In particular, the SPMKE may be transformed into a linear VO2 function (LVO2F) for the subject, which VO2 function (LVO2F) is representative of the oxygen consumption rate (VO2) as a function of time of the subject during the exercise period. The determination of LVO2F from the SPMKE within the exercise session (E) is shown schematically in
In order to transform the SPMKE into the LVO2F, each PMKE of the set of PMKEs (SPMKE) is converted into a scalar value (single value) representative of the non-exercise period (N), wherein the scalar value is an order statistic. Thus, a set of order statistic (SOS) for the exercise session (E) is obtained, and from the evolution over time of the order statistics (OSs) of the SOS, the linear VO2 function (LVO2F) for the subject can be determined. The determination of LVO2F from the SPMKE within the exercise session (E) using a set of order statistic (SOS) is shown schematically in
An order statistic (OS) is determined for each non-exercise period (N). An order statistic (OS) may be a median, or another quantile (e.g., 1st and 3rd quartile).
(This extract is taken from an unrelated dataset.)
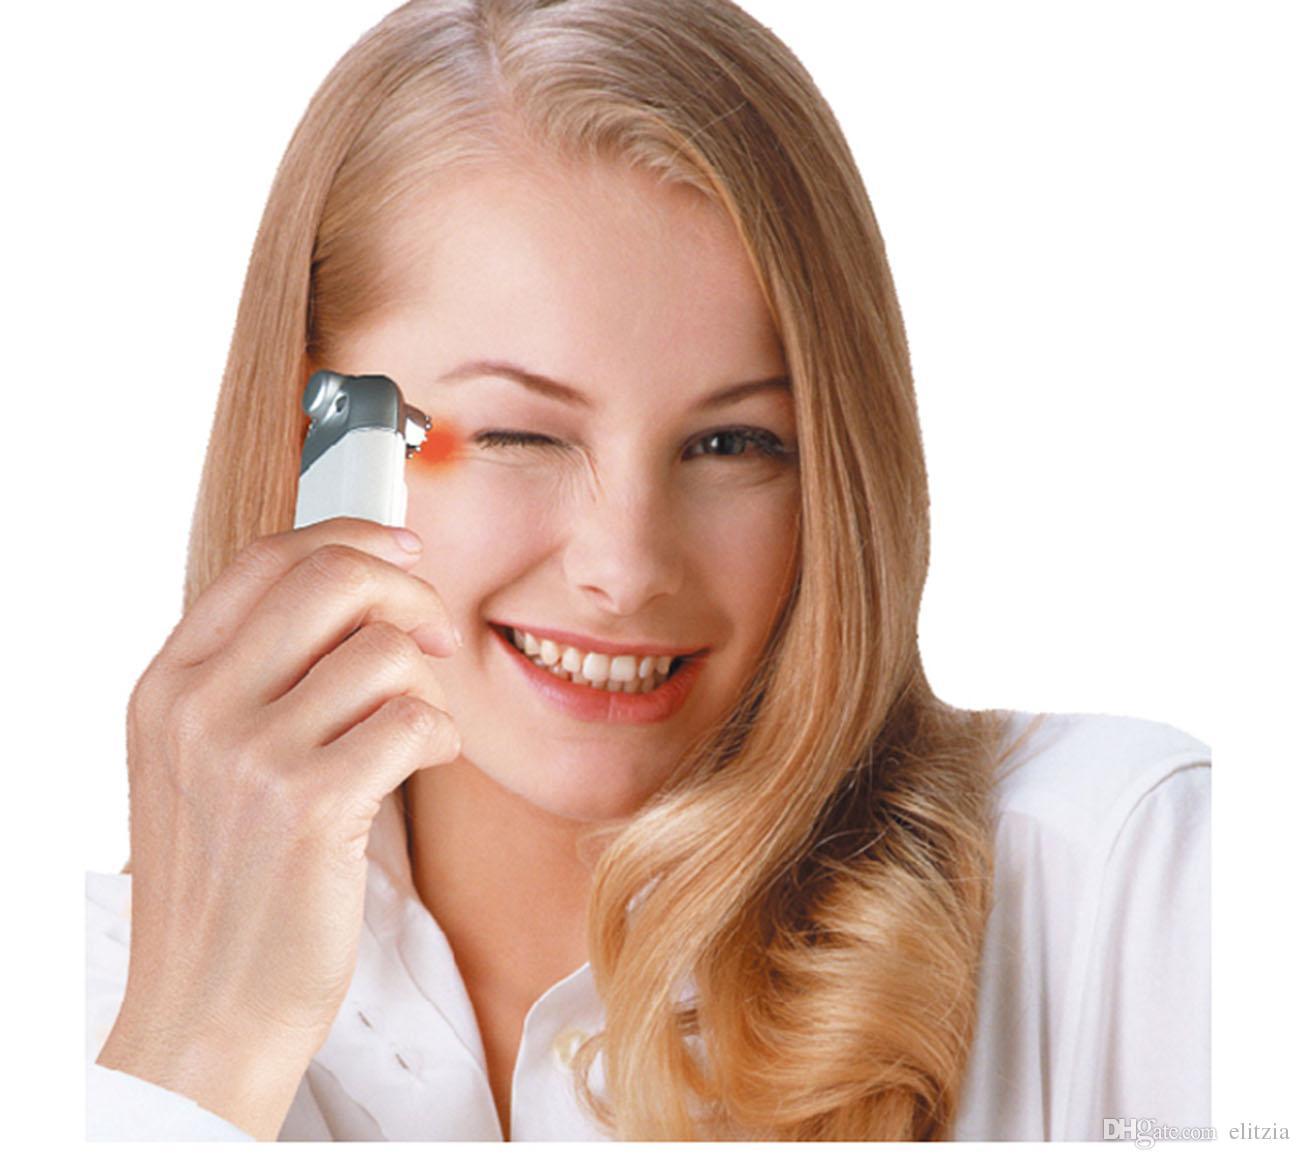 Elitzia ET8900 LED luminothérapie bio micro lumière rouge actuelle Supprimer rides des yeux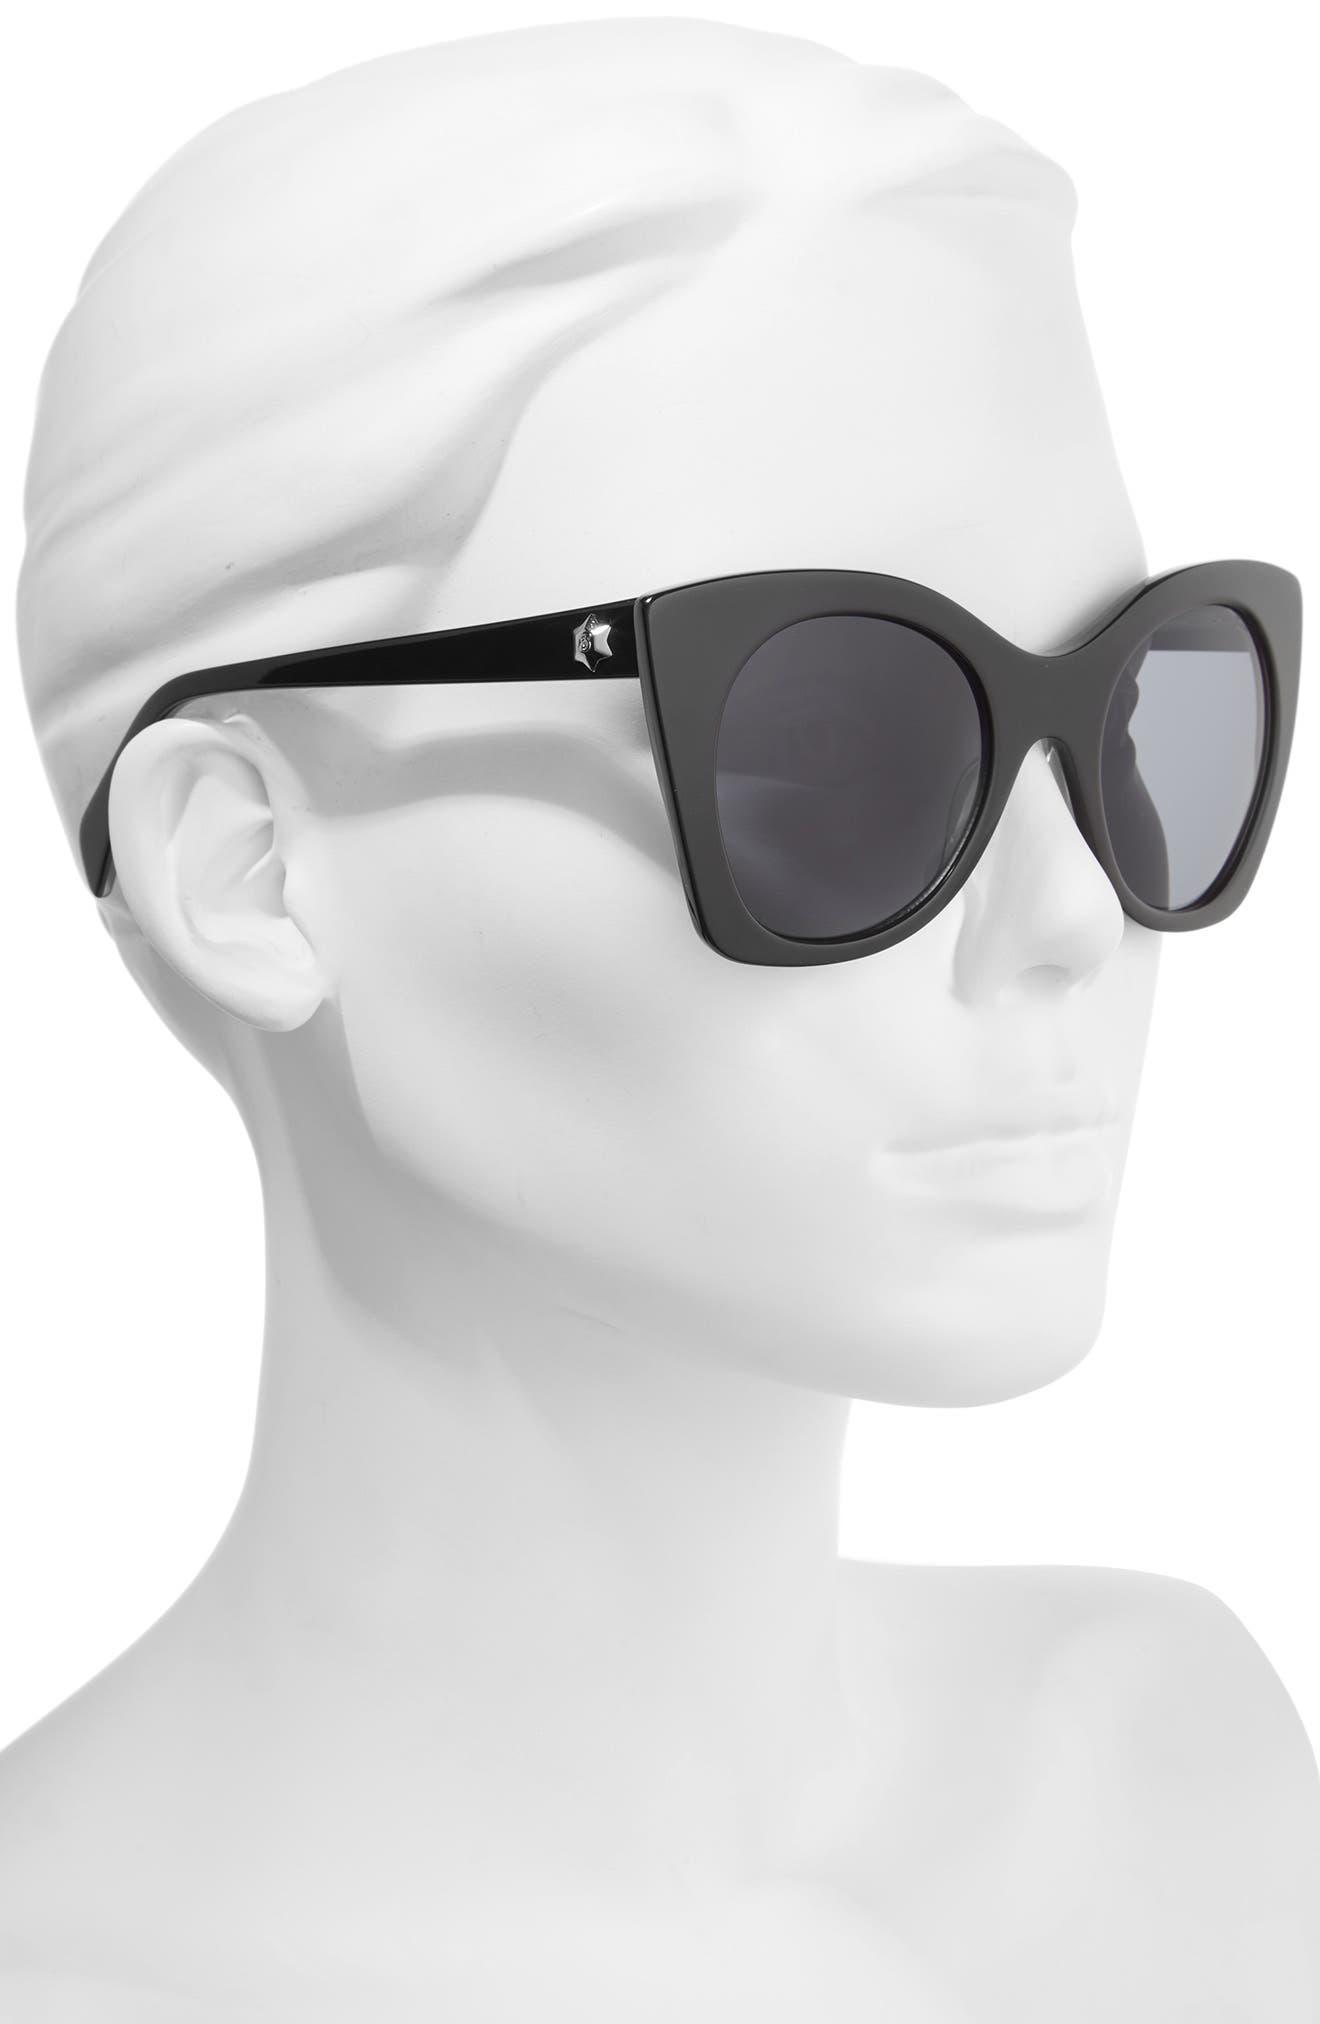 DRAPER JAMES,                             51mm Geometric Sunglasses,                             Alternate thumbnail 2, color,                             001

To generate the order statistic (OS) for each non-exercise period (N), each PMKE of the set of PMKEs (SPMKE) is converted into a scalar value (single value). This conversion may be performed:
In the case of transforming indirectly the PMKE into an order statistic (OS), the period of mean kinetic energies (PMKEs) within a non-exercise period (N) is transformed into an intermediate linear function (ILF); this may be achieved using a scaling law. For instance, each mean kinetic energy (MKE) from the period of mean kinetic energies (PMKEs) may be plotted on a graph (y-axis: MKE, x-axis: time), to which a curve can be fitted. The fitted curve is transformed into an intermediate straight line (the intermediate linear function) by the scaling law. The intermediate linear function may be expressed graphically or as a mathematical formula. The scaling law may be any function that linearises a curve. In particular, the scaling law may use a cubic root of the mean kinetic energy (MKE). In particular, the scaling law may use the heart rate (HR) of the subject. One example of a scaling law comprises the equation HR*CubicRoot(MKE/HR).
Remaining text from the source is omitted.